B3. Prove the skeleton end-to-end

Before any real feature, confirm the machinery actually works on an empty project: - /verify runs and is GREEN (even with near-zero code). - A trivial PR triggers CI, CI passes, and branch protection blocks merging until it does. - The "hello world" of the conversational surface from Phase 0 answers one hardcoded grounded question end-to-end.

When this is true, the scaffolding is real — and from here on, every feature lands on rails.

B4. Close the session

Run /wrap so docs/STATUS.md records what was built and what's next. Always end sessions this way.

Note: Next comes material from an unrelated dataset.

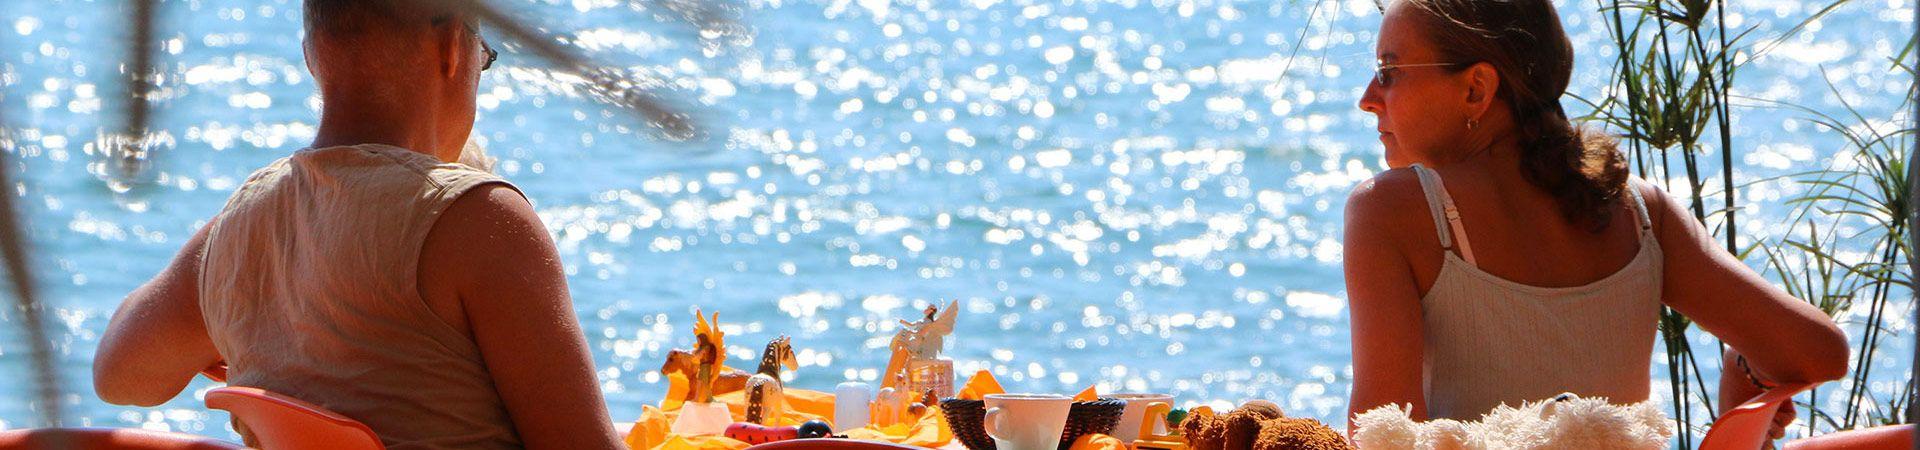 paillote-bord-de-mer-camping-merendella

Stage C — The steady rhythm (the next ~4 months)

From now on, every piece of the system — ingestion, the graph, grounded reasoning, the eval harness, the two verticals — is built the same way:

  1. Pick the next unit from the current roadmap phase / milestone.
  2. /spec — write the spec (turn it into a GitHub issue in the right milestone).
  3. /plan — review and approve the plan (plan mode).
  4. Implement on a branch (test-first where it fits).
  5. /verify — green or it doesn't proceed.
  6. /document — update docs / CHANGELOG.
  7. /commit → open a PR → CI green → merge.
  8. /wrap at session end.

Plus the periodic habits: /adr whenever a hard-to-reverse decision is made, /audit about weekly, and a tagged release at the end of each phase so the roadmap becomes visible, dated milestones in git.

What you do vs. what Claude Code does

  • You (human): install tools; create the repo and milestones; set branch protection; connect MCP servers; approve plans; review and actually understand every PR before merging; make the architectural calls. It is your project and your interview — you must be able to explain any line of it.
  • Claude Code: generate config and scaffolding; write code, tests, and eval cases; implement features against approved plans; update docs; draft commits and PRs.

The division matters for one reason beyond quality: a reviewer at SAP will ask you how it works. The loop is designed so that you stay in the architect's seat throughout, not so that you hand the wheel to the agent.


The one-line summary

Docs define the destination. Stage A builds the guardrails. Stage B builds the scaffolding through the loop. Stage C builds the system through the same loop, one verified, reviewed, merged unit at a time — for four months — until main is something a senior engineer can clone, run, and respect.